Дрожащий свет масляной лампы будто бы боролся с сокровенными тайнами комнаты; тени от флаконов на столе раздувались, непропорционально вытягивались, ложились на пол. Бихтер лежала под тюлевым пологом, защищающим ее мечты от действительности, в тишине комнаты витало дыхание сна. Из-под полога – как птенчик белого голубя, высунувшийся из гнезда, чтобы увидеть на горизонте лучик солнца, – выглядывала лишь пухлая ножка, покачиваясь с нервным нетерпением в кокетливой, игривой манере, словно заманивая в эту страстную постель волшебные грезы и сновидения. «Да, – говорила она, – сюда, сюда, роскошные ялы, белые гички, ялики из красного дерева, экипажи, ткани, драгоценности, все эти прекрасные вещи, все эти золоченые мечты… Вы все, идите сюда, скорее сюда».
Глава 2
Когда Аднан-бей вышел из светло-желтой ялы и сел в ялик из красного дерева, в душе он испытывал большое облегчение.
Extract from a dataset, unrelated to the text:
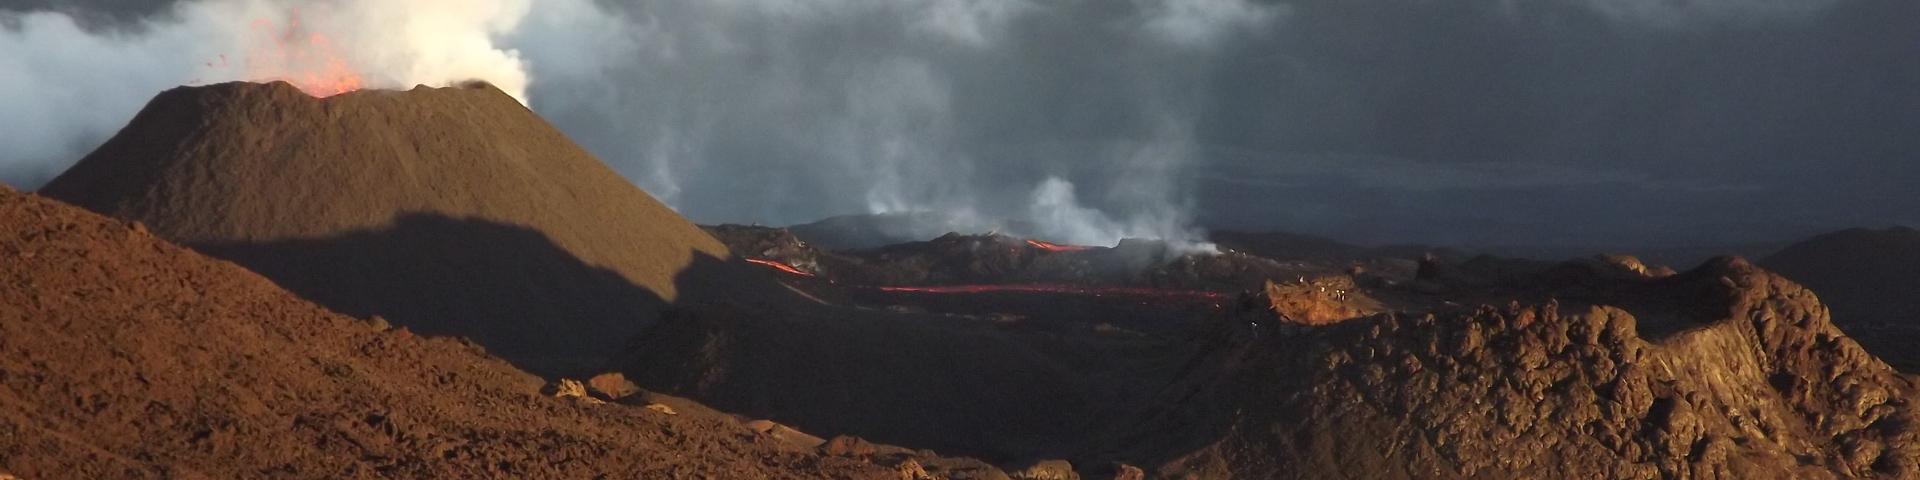 Eruption volcanique, La Réunion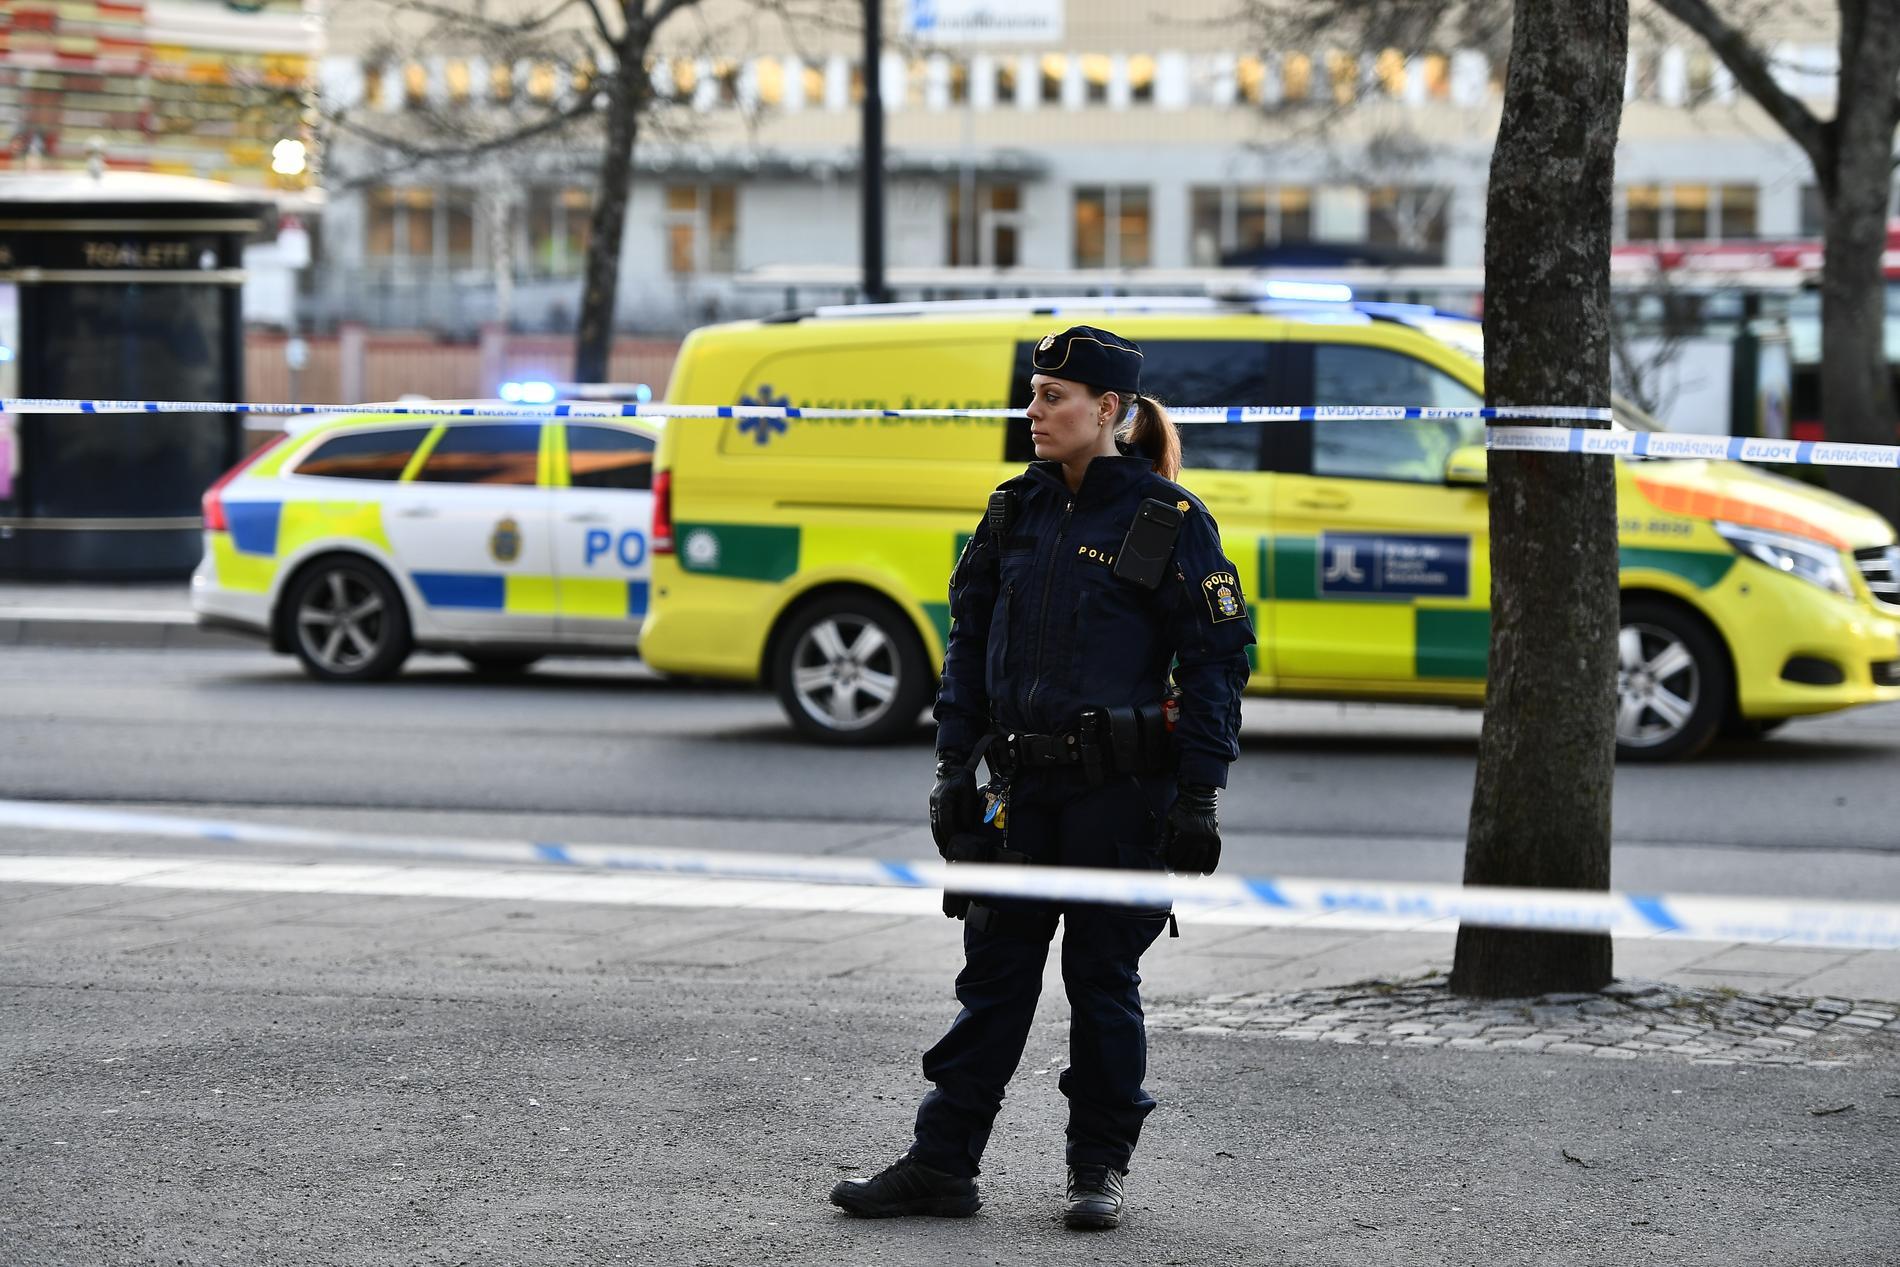 Polisen larmades om en skadad person vid ett torg i Sollentuna centrum klockan 14.12 på torsdagen.

Этот визит, в правильности которого он мучительно сомневался и на который не мог решиться вот уже несколько месяцев, был наконец совершен, и с его души словно свалился огромный камень; однако когда он остался один на один с собой в лодке, к ощущению легкости примешалось беспокойство. Сегодня вопреки обыкновению он был один в ялике, Нихаль и Бюлент его не сопровождали, но на местах, где они обычно сидели, ощущалось их незримое присутствие, он словно видел их невинные смущенные лица, слышал их робкие, нерешительные голоса:
– Папочка, где вы были? Что вы сделали?
Действительно, что он сделал? Сейчас, любуясь издалека горными вершинами на противоположном берегу, радовавшими глаз зеленью в последних лучах вечернего солнца, он задавал себе этот же вопрос. На минуту в душе снова проснулись сомнения и страхи, которые терзали его вот уже несколько месяцев, до того, как он решился на этот шаг. В мыслях он воссоздавал всю историю, этапы, мельчайшие подробности этой душевной борьбы. В эту минуту больше, чем когда-либо, он чувствовал необходимость оправдать себя перед своей совестью. И тоненький голосок сомнений снова отступил под натиском многочисленных причин и доводов, убедительно доказывающих его право на осуществление своих желаний.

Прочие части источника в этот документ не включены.